Capital Punishment For Agency Entrepreneurs

David%20Benady%20120x120An unexploded tax bombshell is ticking in adland. Set to detonate on April 6, 2008, it has sent agency entrepreneurs running for cover.

Chancellor Alistair Darling’s pre-Budget report proposal this week to levy a new flat rate capital gains tax of 18% could spark a flurry of sell-offs across the advertising, media, design and online sectors.

Start-up agencies looking to sell out have a powerful incentive to tie up their deals before the April deadline.

For the past decade, entrepreneurs and those who own shares in their companies have paid just 10% on the gains realised on investments sold after more than two years. To be absolutely accurate, they are taxed – probably at 40% – on 25% of the capital gain, which works out at 10%.

But Darling proposes that from next April they’ll pay 18%, an 80% rise. The hike will also hit some start-up impresarios who have already sold and are awaiting “earn-outs” based on future performance.
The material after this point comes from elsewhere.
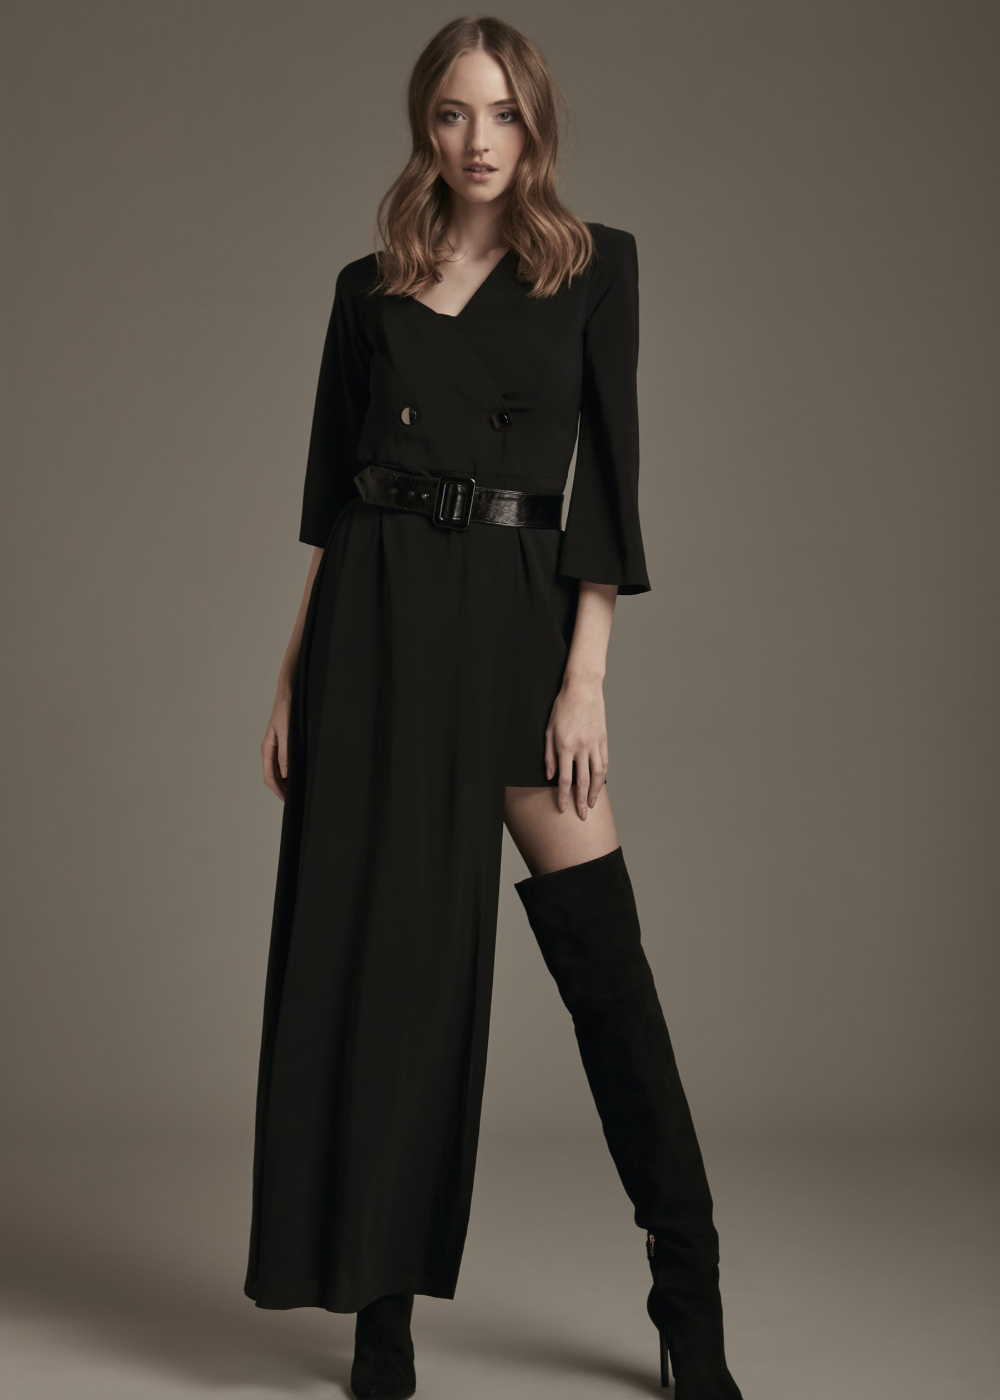 gianni di Leo - news & fashion - Innovative black dress

A lot of small business people are squealing that the hike is an attack on entrepreneurialism. Even the GMB union has attacked the move as a setback for Britain’s start-up culture. There will be a silver lining for some, though more on that later.

The ad, design, media and online industries have thrived on regular waves of breakaway agencies. In advertising, the breakaways have creamed off much of the industry’s top talent over the past ten years, though they would deny they were motivated by anything as shabby as a 10% tax regime.

For many start-ups, the extra 8% tax is not necessarily a reason for panic selling. If the business is growing at 15% a year, it would obviously be worth hanging on for the right deal. The start-up agencies that are looking to sell will wait for the right deal to come along, say their owners.

But the real victims are likely to be among the thousands of small start-up agencies – often regionally based and employing under a dozen people – offering a myriad of marketing services. Many owner-entrepreneurs have based their pension calculations on selling their shares at a 10% tax rate. The hike could seriously damage their retirement.

And that silver lining? Capital gains tax will be a flat rate 18% and that includes the duty on selling second homes and buy-to-let properties which face a 40% rate at present. So all those agency bosses who have bought second – and third – homes in Cornwall, Devon or any other part of the country are sitting on potential goldmines. The CGT changes are likely to spur growth in the regional property market which is capital news for second home owners.

Over the next few months we can expect the familiar old rumours about who is buying whom to start circulating again as deal mania hots up in advance of next spring’s deadline.